A shriek like a thunderclap pierced my skull like lightning, and in the blackness that swallowed the moonlight, I saw the flash of Peter’s knife—
Then Holmes was stepping down the shallow platform of the belvedere, the world normal again and as it should be, tucking his bone flute into his pocket with one hand.
In the other hand, he held Peter’s knife.
“Give that back!” Peter came leaping out of the belvedere, grabbed for Holmes’ arm.
Holmes sidestepped him like a dancer. “When the Darling children return to their home, you shall have your knife back.”
“Who are the Darling children?”
Peter doesn’t always remember things.
“Wendy, and John, and Michael,” said Holmes. “The children who went away with you to the Islands last night.” I don’t know how he learned this — perhaps he’d only guessed it, until he actually encountered Peter — but then, as I said, Holmes studied extensively the writings concerned with other realities than those of the material earth. Someone, at some time, must have written about the Neverlands — or the Islands, as they were apparently also called, and they had other names as well. Certainly Meg was not the only child who had inexplicably disappeared, without any traceable sign of human agency, in Kensington Gardens or elsewhere.

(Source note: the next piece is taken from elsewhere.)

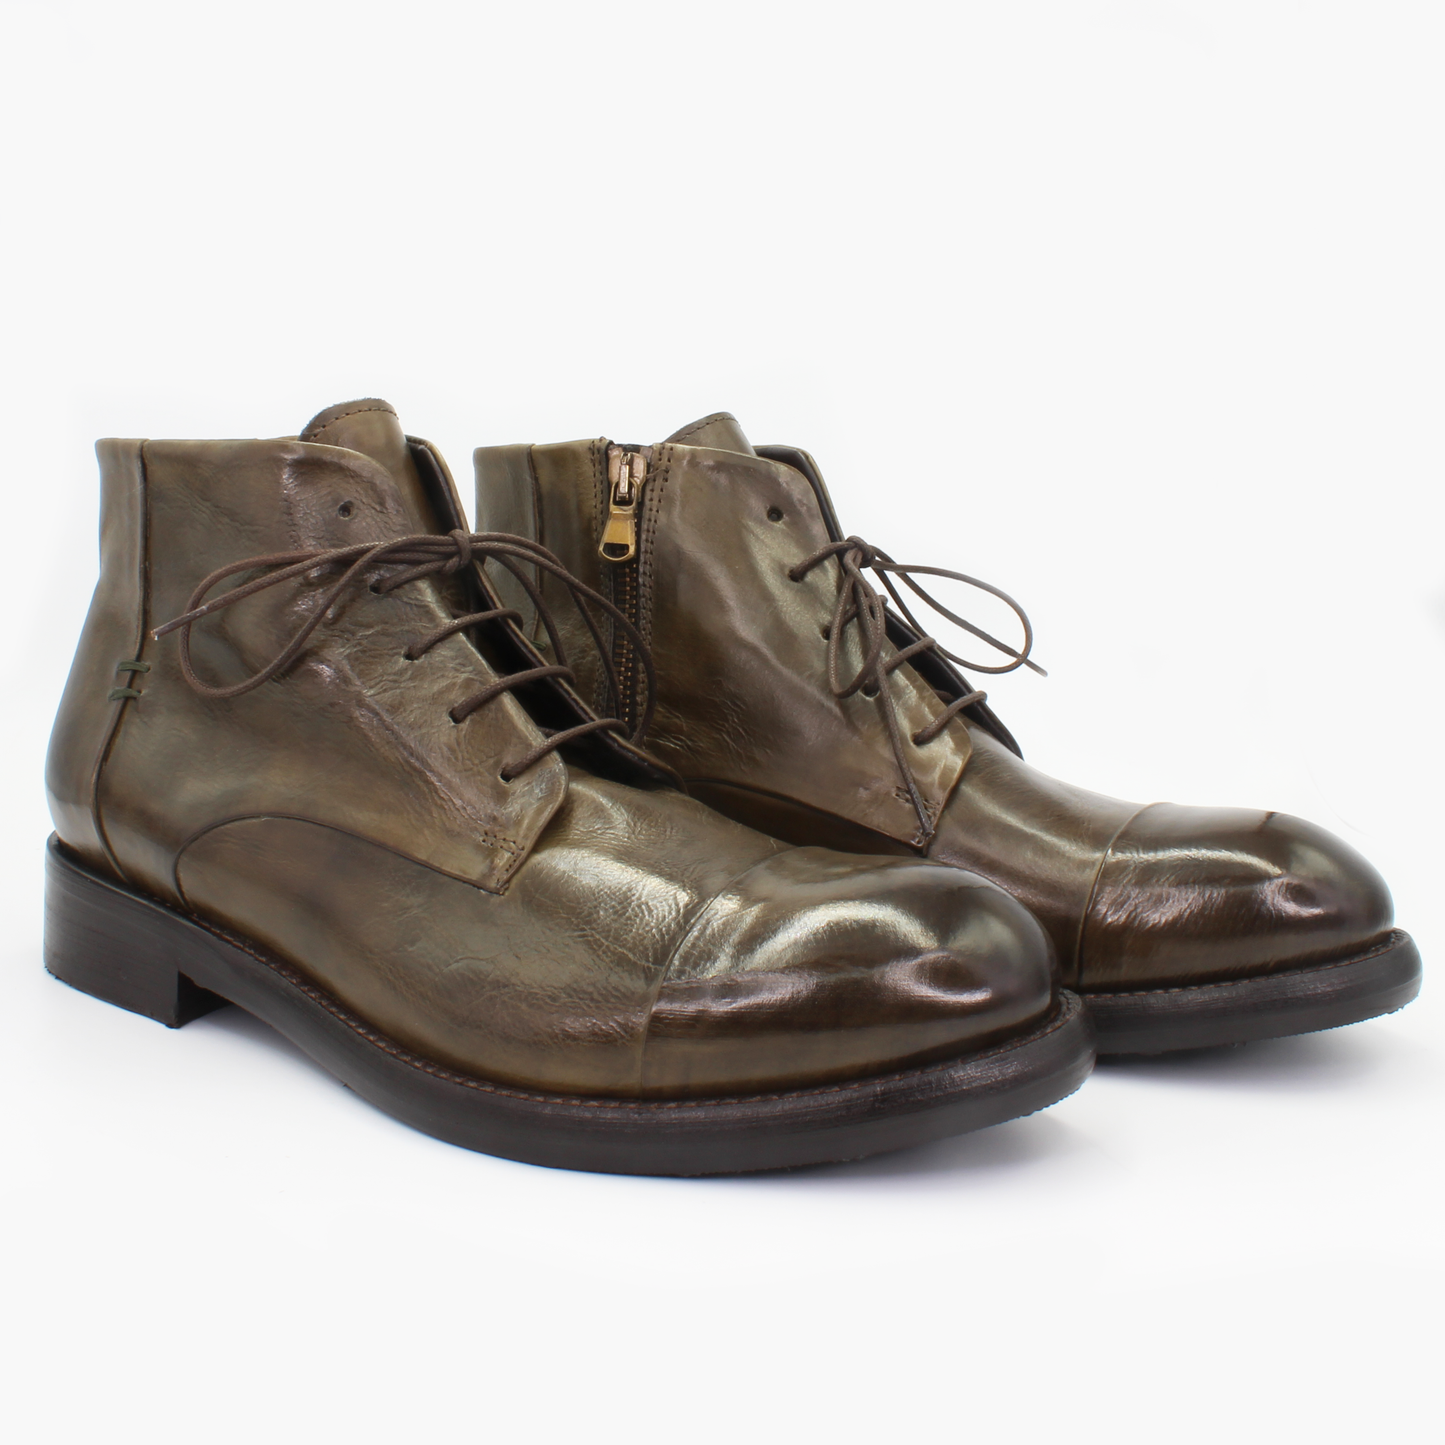 Shop Handmade Italian Leather Boot in Militare Green (JP36526/9) or browse our range of hand-made Italian boots for men in leather or suede in-store at Aliverti Cape Town, or shop online. We deliver in South Africa & offer multiple payment plans as well as accept multiple safe & secure payment methods.

Peter said, “They’re my friends. Wendy is to be my mother, and take care of me, and look after my Lost Boys in a secret house below the ground.”
Holmes nodded gravely. “You are renowned for looking after your friends,” he said, as one recalling a legend — or a set of instructions, as to what one must say to a dragon or a fairy — “in the face of any and all danger to yourself.”
Peter smote his chest proudly. “I am.” Peter never could resist renown.
“Then promise me this,” said Holmes. “When the Darling children return home — as return they will, one day — promise me that you will see to it, that they will do so on the day after they departed. That way,” he added, “you will have your knife back in only two days.”